Just like many computer speech recognition programs, WaveNet uses large data sets of recording by one human speaker. To create new words, technology combines various speech fragments. Anyone listening hears intelligible human-sounding speech. The challenge is that you cannot easily modify the voice sounds. Some systems create voices electronically based on the rules of proper pronunciation of certain letters. While these enable engineers to manipulate the sound of voices, they usually sound unnatural as compared to programs that use human speakers.
The WaveNet Technology cuts power demands and saves resources
Now, Google has revealed its commercial success from DeepMind’s technology.
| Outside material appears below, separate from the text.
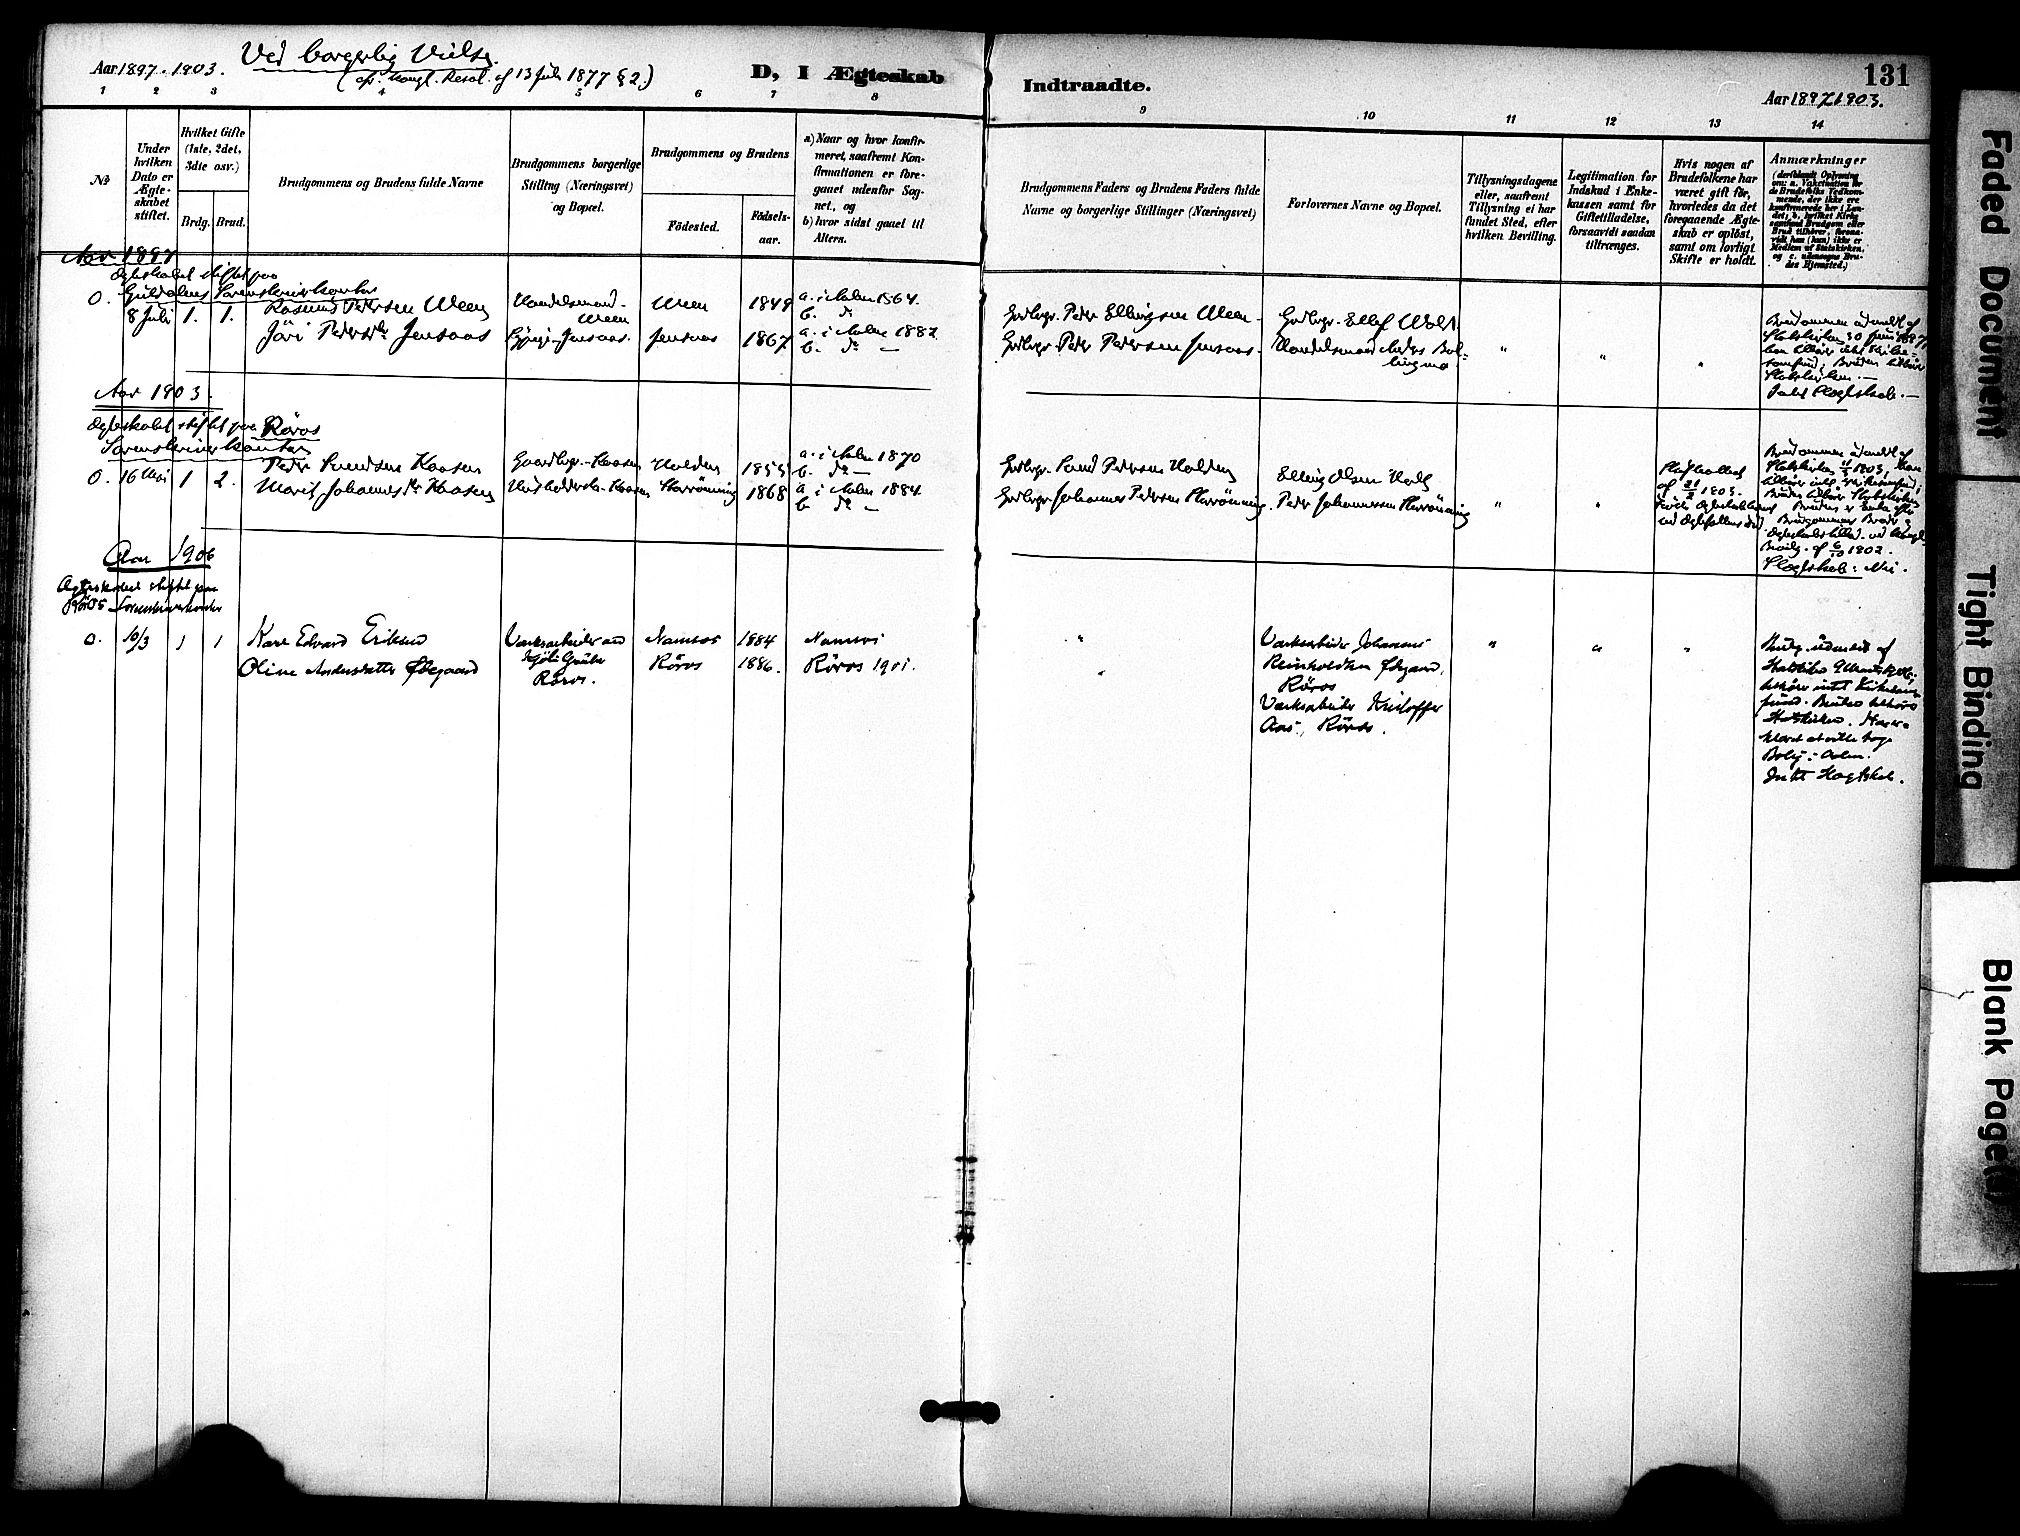 SAT, Ministerialprotokoller, klokkerbøker og fødselsregistre - Sør-Trøndelag, 686/L0984: Ministerialbok nr. 686A02, 1891-1906, s. 131

The search engine says that it has applied DeepMind’s program to cut power demands at data center by a phenomenal 40%. In the process, it has saved enough resources and can now justify its expensive acquire of the London-based outfit. It has also admitted to achieving improvements to services offered by Google Play, YouTube and some of its advertising outfits.
Following the breakthrough, other tech companies will possibly pay closer attention. From car manufacturers to mobile phone developers, speech is increasingly important because it helps human and machine interaction. When you look at Apple, Amazon, Microsoft, Alphabet and Google, there investment on personal assistants is evident.
Last week, an international director at Google Play (the outfit that deals with Android apps), said that 20% of mobile searches on Google are done using voice and not written content. Although technology giants have succeeded in making computers understand human speech and language, the ability of these computers to talk back at users in a human way has not been successful.
Google’s Deepmind to incorporate emotions and accents
Interestingly, DeepMind’s engineers say that they will incorporate accents and emotions as inputs to increase the authenticity of speech sounds. DeepMind researchers have also noted that enabling people to communicate with computers has been a longstanding dream. Now that the dream is now a reality, many people are greeting the news with applause. As we digest the news, let us wait and see how the company’s competitors will develop their own programs in pursuit of excellence in speech recognition technology.